Metabolomics Response to Drought Stress in Morus alba L. Variety Yu-711

Abstract

Mulberry is an economically significant crop for the sericulture industry worldwide. Stresses such as drought exposure have a significant influence on plant survival. Because metabolome directly reflects plant physiological condition, performing a global metabolomic analysis is one technique to examine this influence. Using a liquid chromatography-mass spectrometry (LC-MS) technique based on an untargeted metabolomic approach, the effect of drought stress on mulberry Yu-711 metabolic balance was examined. For this objective, Yu-711 leaves were subjected to two weeks of drought stress treatment and control without drought stress. Numerous differentially accumulated metabolic components in response to drought stress treatment were revealed by multivariate and univariate statistical analysis. Drought stress treatment (EG) revealed a more differentiated metabolite response than the control (CK). We found that the levels of total lipids, galactolipids, and phospholipids (PC, PA, PE) were significantly altered, producing 48% of the total differentially expressed metabolites. Fatty acyls components were the most abundant lipids expressed and decreased considerably by 73.6%. On the other hand, the prenol lipids class of lipids increased in drought leaves. Other classes of metabolites, including polyphenols (flavonoids and cinnamic acid), organic acid (amino acids), carbohydrates, benzenoids, and organoheterocyclic, had a dynamic trend in response to the drought stress. However, their levels under drought stress decreased significantly compared to the control. These findings give an overview for the understanding of global plant metabolic changes in defense mechanisms by revealing the mulberry plant metabolic profile through differentially accumulated compounds.

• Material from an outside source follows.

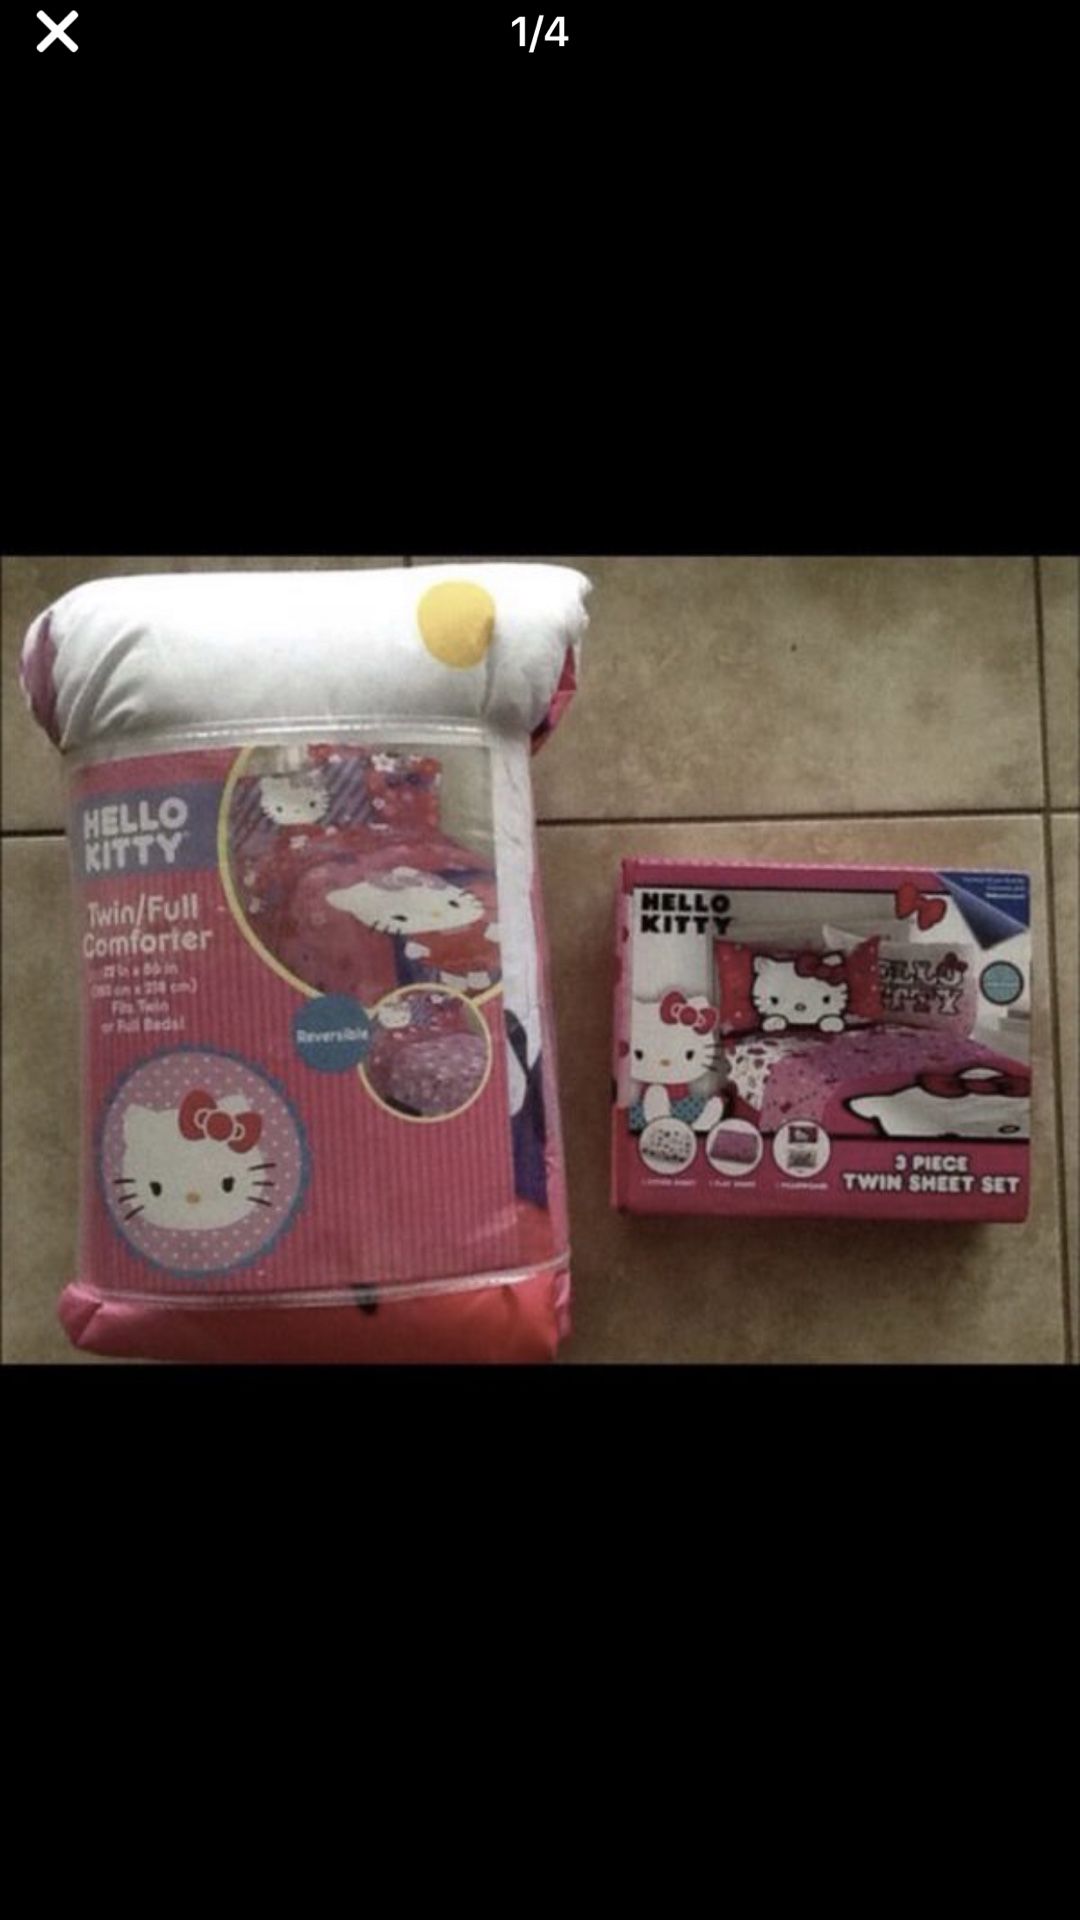 New Hello Kitty Twin/Full Comforter and Matching Sheet set
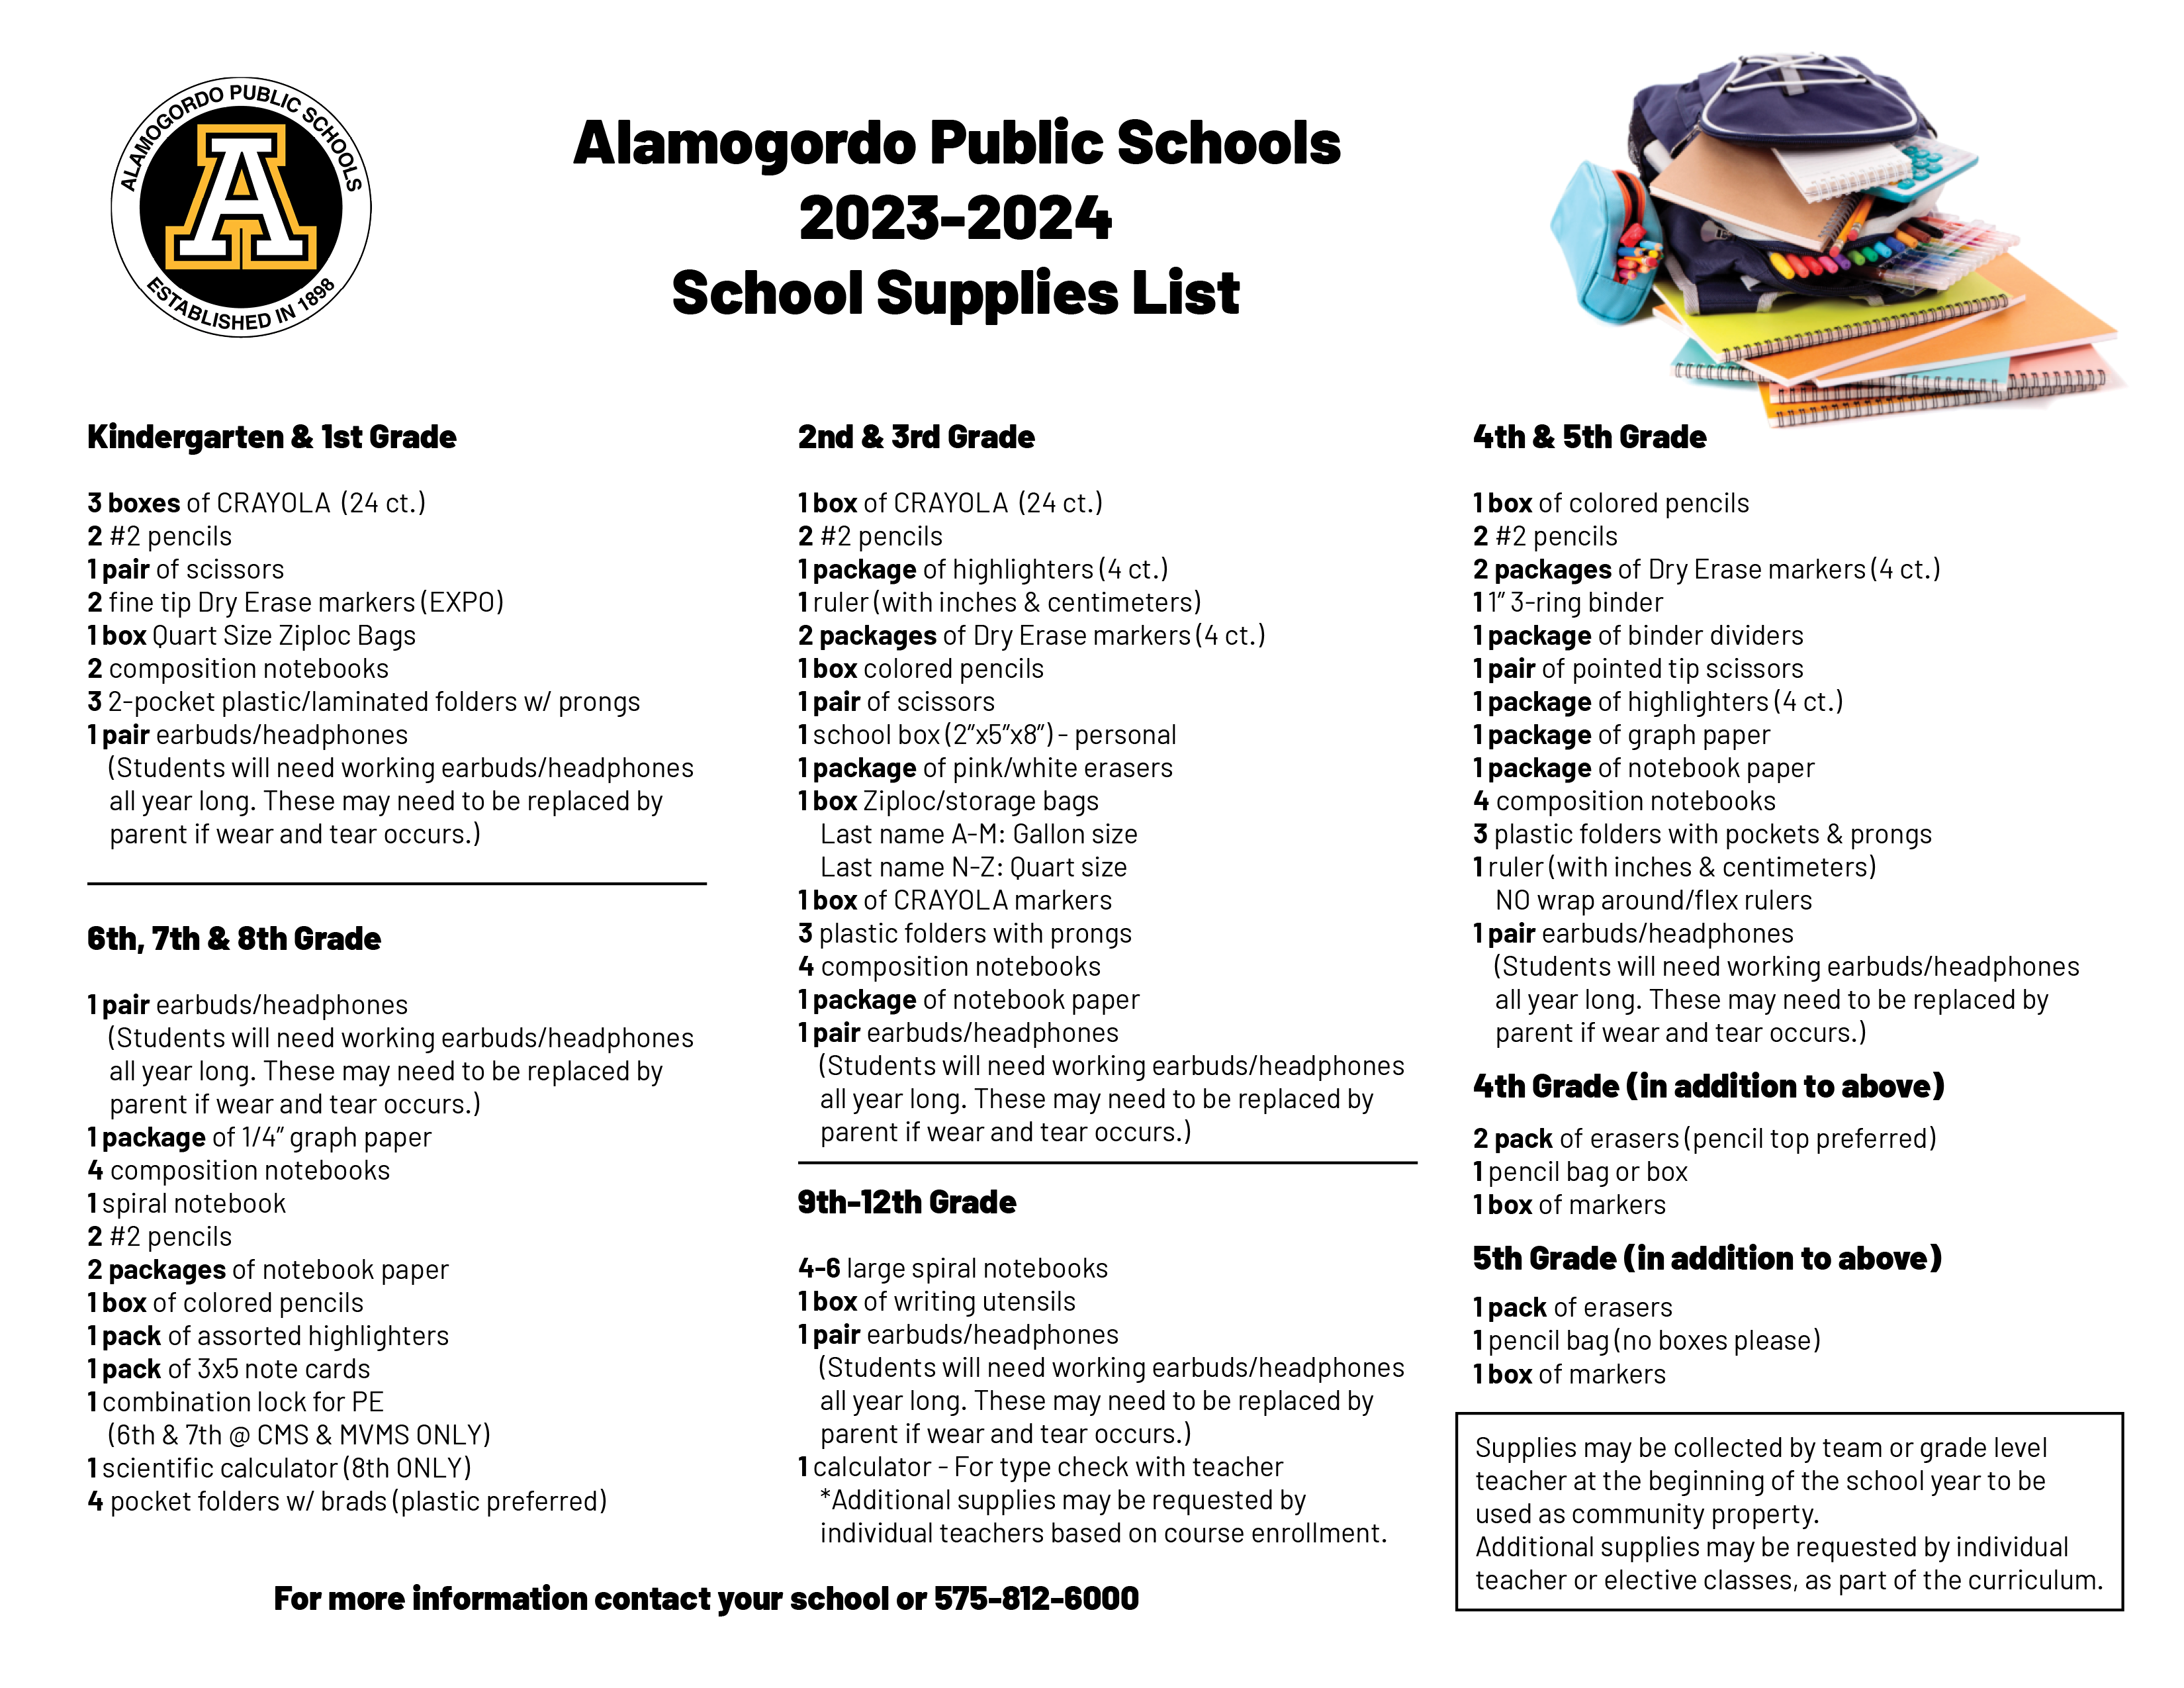 https://www.alamogordoschools.org/core/fileparse.php/4205/urlt/2023-School-Supplies-List.png

Keywords: LC-MS; drought stress; metabolites; mulberry; untargeted approach.

Figure 1

Physiological responses of seedling leaves affected by drought and the control treatment. (a) Mulberry seedlings under drought and control experimental setup. (Panel A); seedlings under control treatment. (Panel B); seedlings under drought stress treatment at the five days time point. (b) Leaf length measured at one days, three days, and five days time points. (c) The relative water content at one days, three days, and five days time points. The values in a and b are represented as mean ± SD of three replicates with three plants per replicate. The asterisks (***) and (****) denote a significant and highly significant difference, respectively (p < 0.05) according to a two-tailed Student t-test using GraphPad Prism 9. CK; Control treatment group. EG; Drought stress treatment group.

Figure 1

Physiological responses of seedling leaves affected by drought and the control treatment. (a) Mulberry seedlings under drought and control experimental setup. (Panel A); seedlings under control treatment. (Panel B); seedlings under drought stress treatment at the five days time point. (b) Leaf length measured at one days, three days, and five days time points. (c) The relative water content at one days, three days, and five days time points. The values in a and b are represented as mean ± SD of three replicates with three plants per replicate. The asterisks (***) and (****) denote a significant and highly significant difference, respectively (p < 0.05) according to a two-tailed Student t-test using GraphPad Prism 9. CK; Control treatment group. EG; Drought stress treatment group.

Figure 2

Sample peaks and metabolites. (a) Peaks at the positive ion mode. (b) Peaks at the negative ion mode. (c) Bar chart of all sample peaks and the corresponding metabolites in both the negative and positive mode. (d) Metabolite intensity distribution between EG, CK, and QC. QC; quality control.

Figure 2

Sample peaks and metabolites. (a) Peaks at the positive ion mode. (b) Peaks at the negative ion mode. (c) Bar chart of all sample peaks and the corresponding metabolites in both the negative and positive mode. (d) Metabolite intensity distribution between EG, CK, and QC. QC; quality control.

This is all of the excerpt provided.